Data:
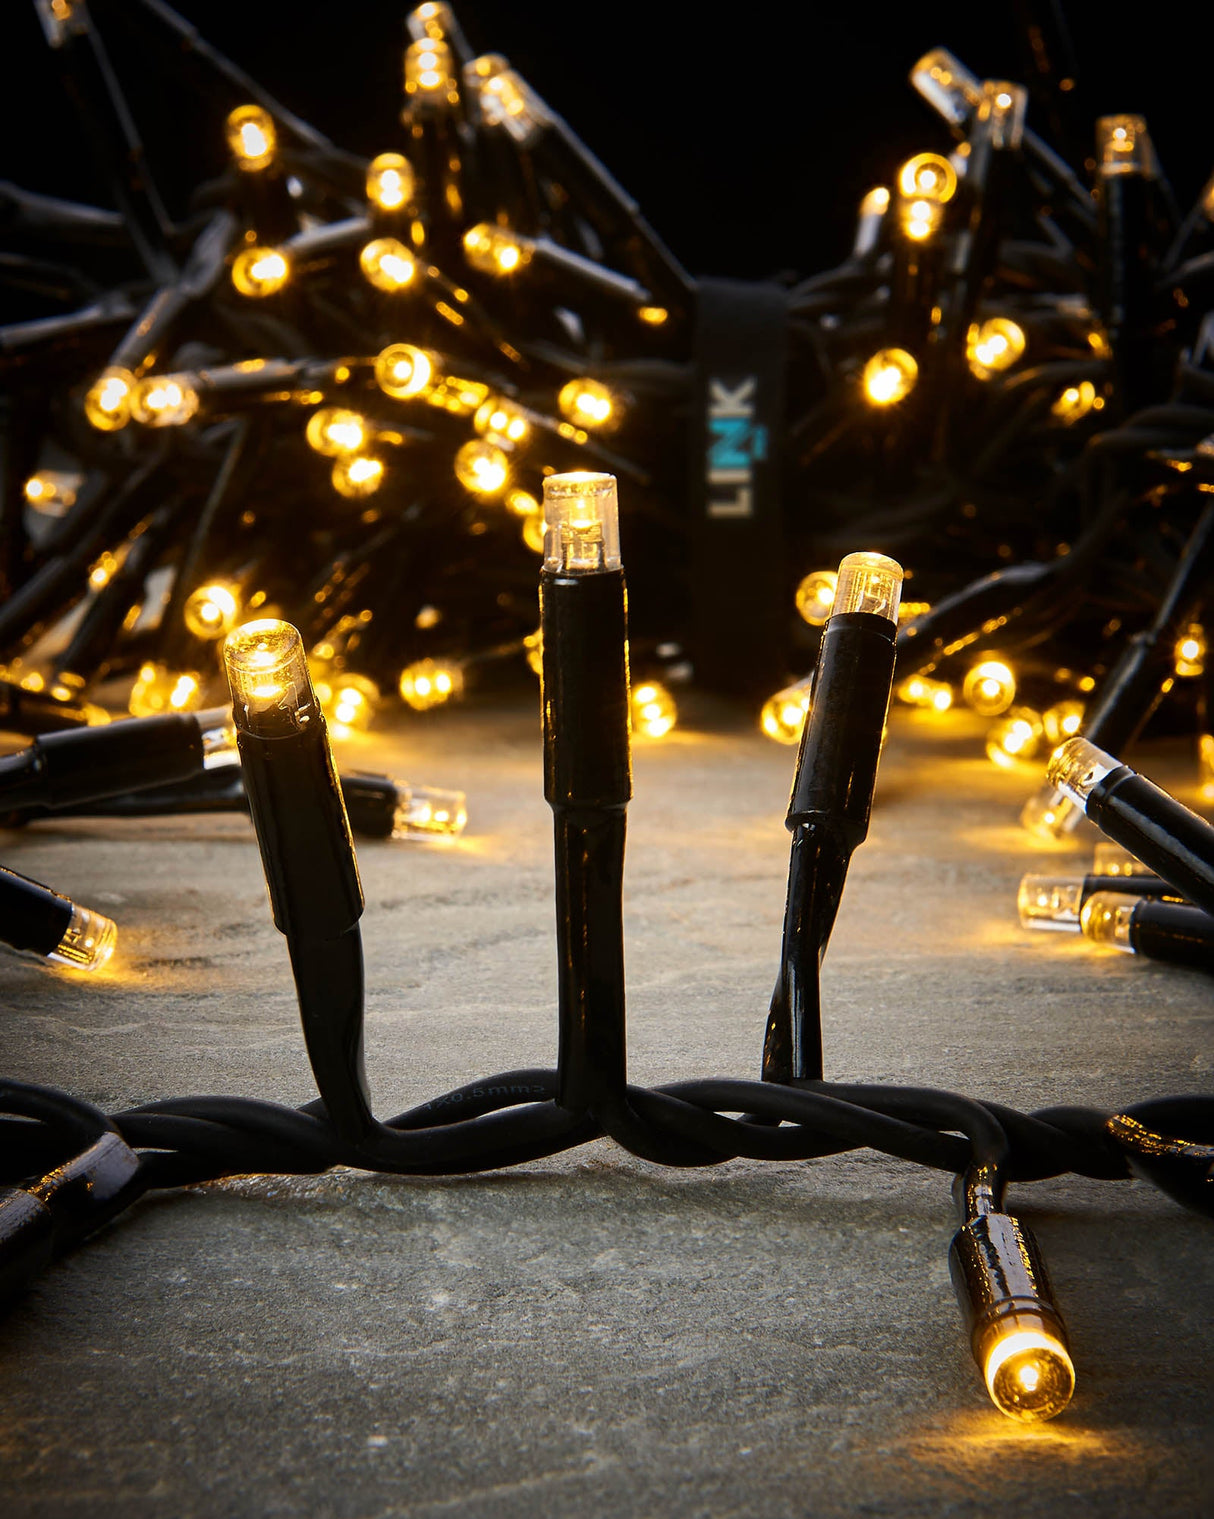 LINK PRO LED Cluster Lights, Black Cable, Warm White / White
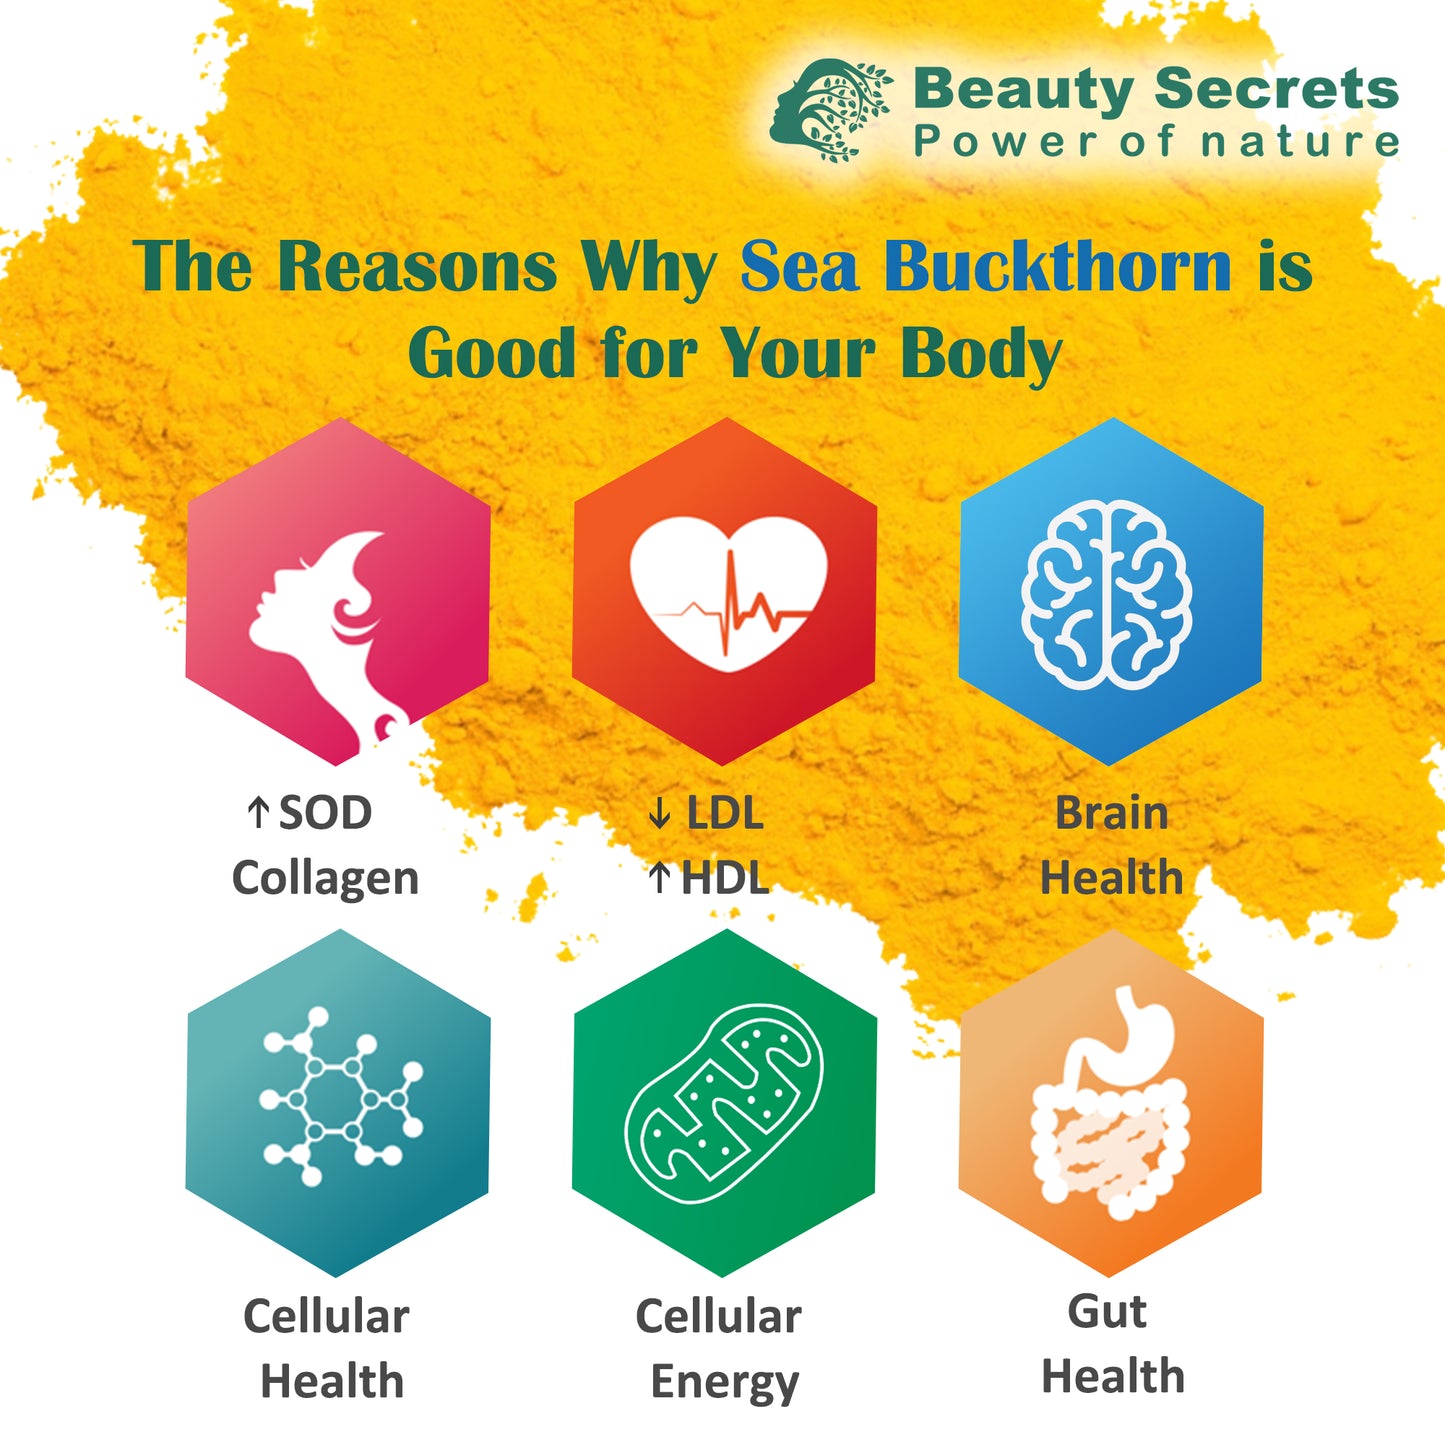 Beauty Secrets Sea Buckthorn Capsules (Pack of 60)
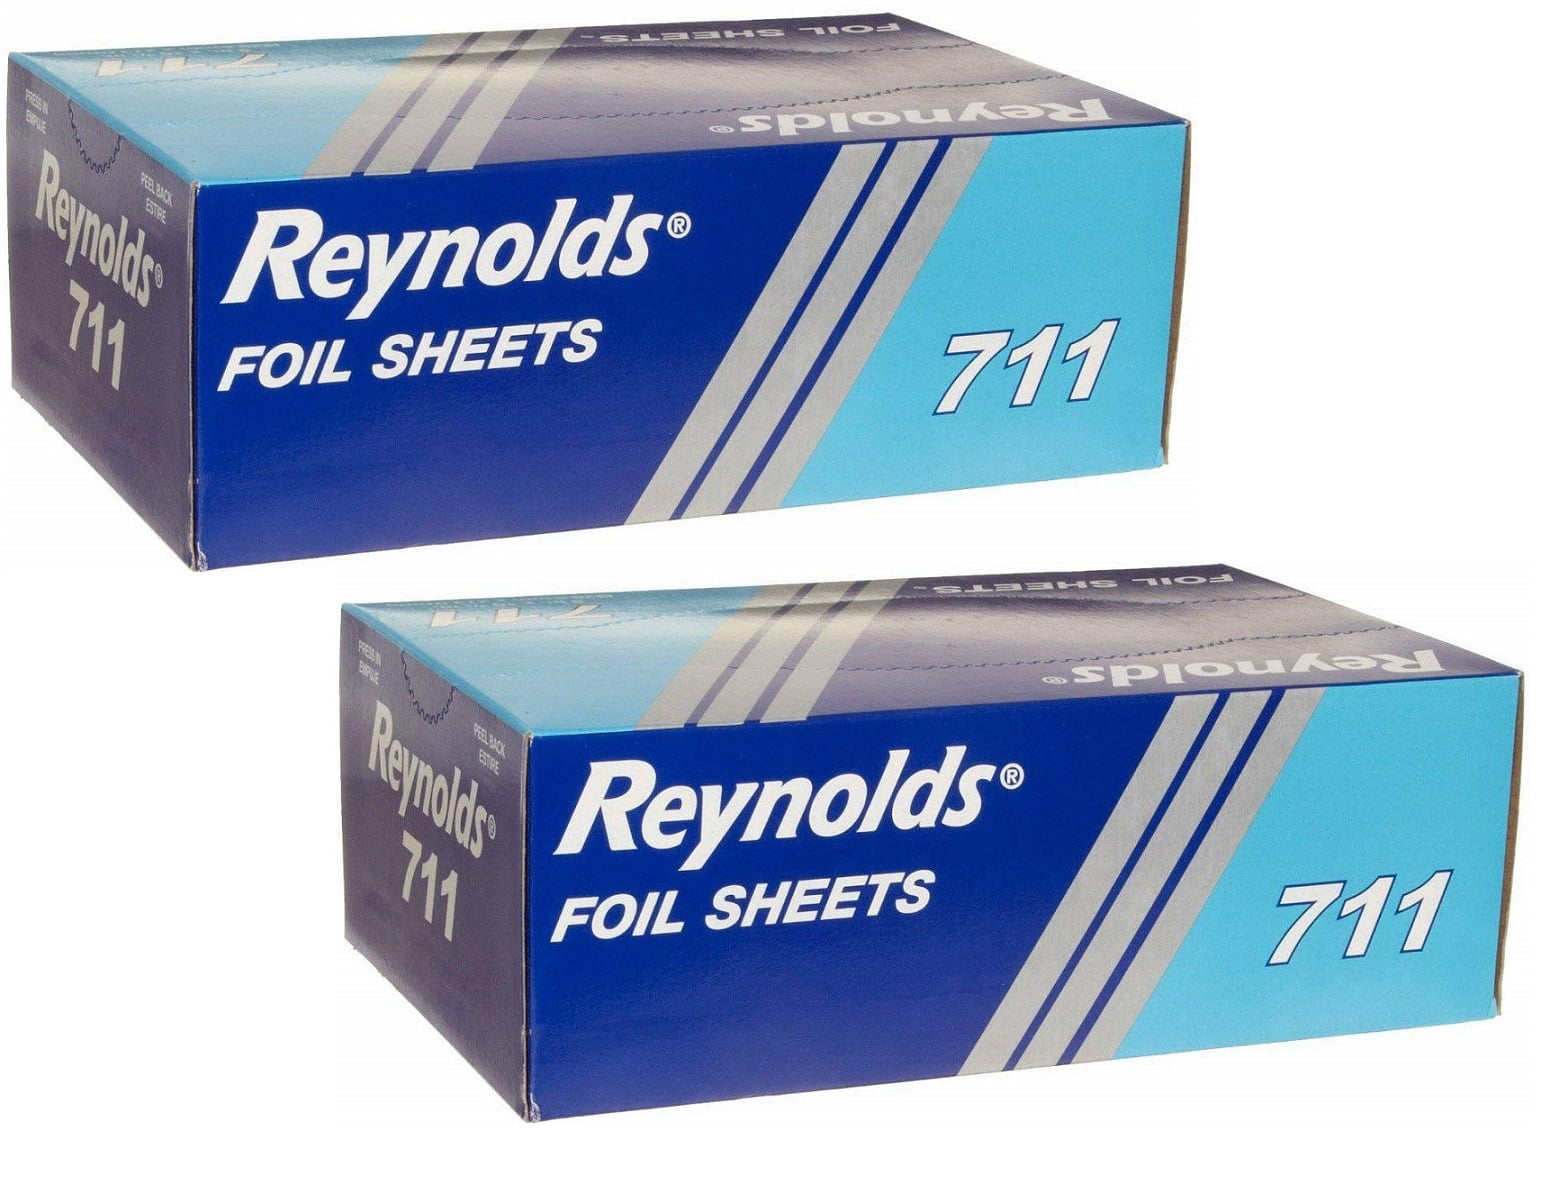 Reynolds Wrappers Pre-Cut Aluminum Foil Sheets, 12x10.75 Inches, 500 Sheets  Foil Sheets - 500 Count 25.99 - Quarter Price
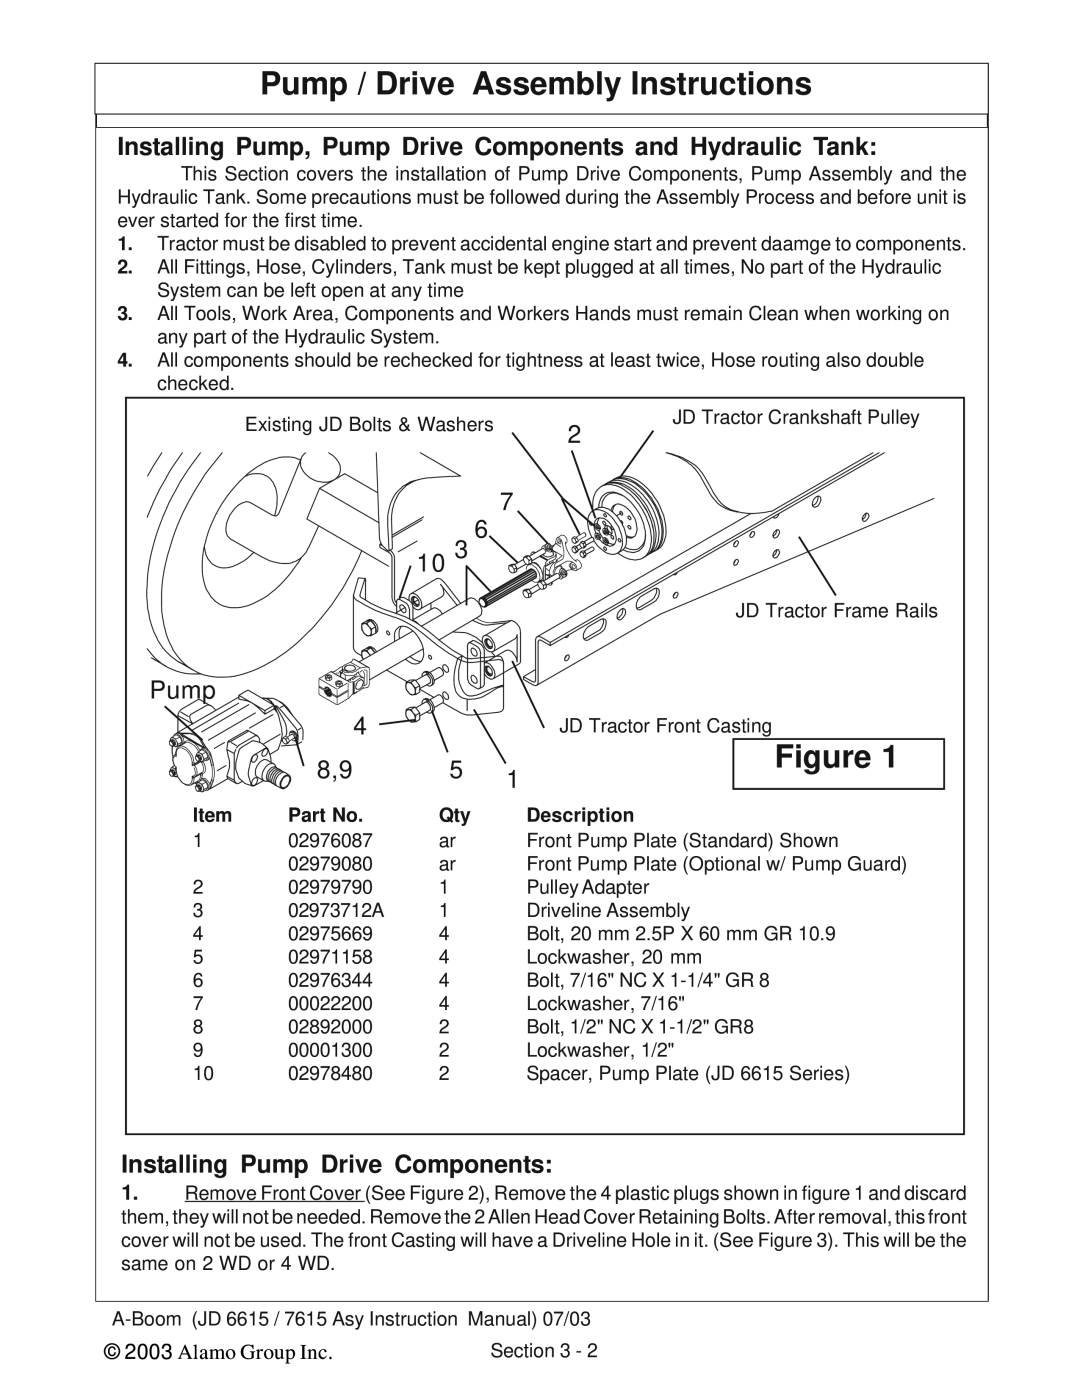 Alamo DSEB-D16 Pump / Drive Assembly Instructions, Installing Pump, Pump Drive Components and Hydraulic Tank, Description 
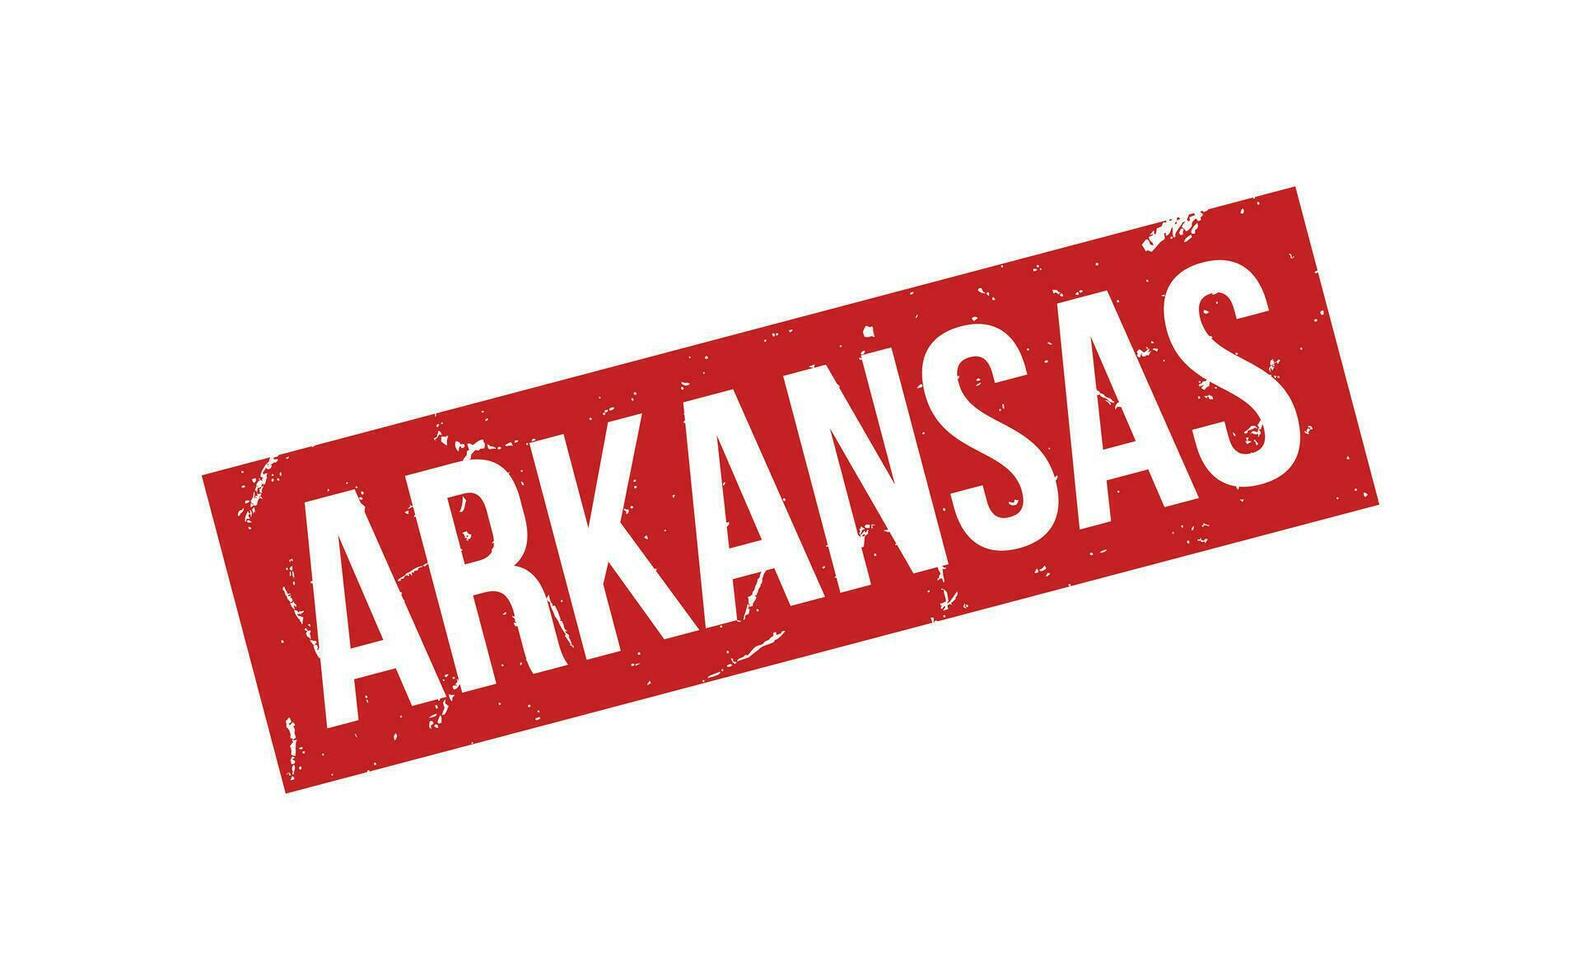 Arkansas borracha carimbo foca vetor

What you have to do: Repeat the listing above in full, exactly, and omit its pictures.

Answer to this task:
 LINK PRO LED Cluster Lights, Black Cable, Warm White / White
 Beauty Secrets Sea Buckthorn Capsules (Pack of 60)
 Reynolds Wrappers Pre-Cut Aluminum Foil Sheets, 12x10.75 Inches, 500 Sheets  Foil Sheets - 500 Count 25.99 - Quarter Price
 Alamo DSEB-D16 Pump / Drive Assembly Instructions, Installing Pump, Pump Drive Components and Hydraulic Tank, Description 
 Arkansas borracha carimbo foca vetor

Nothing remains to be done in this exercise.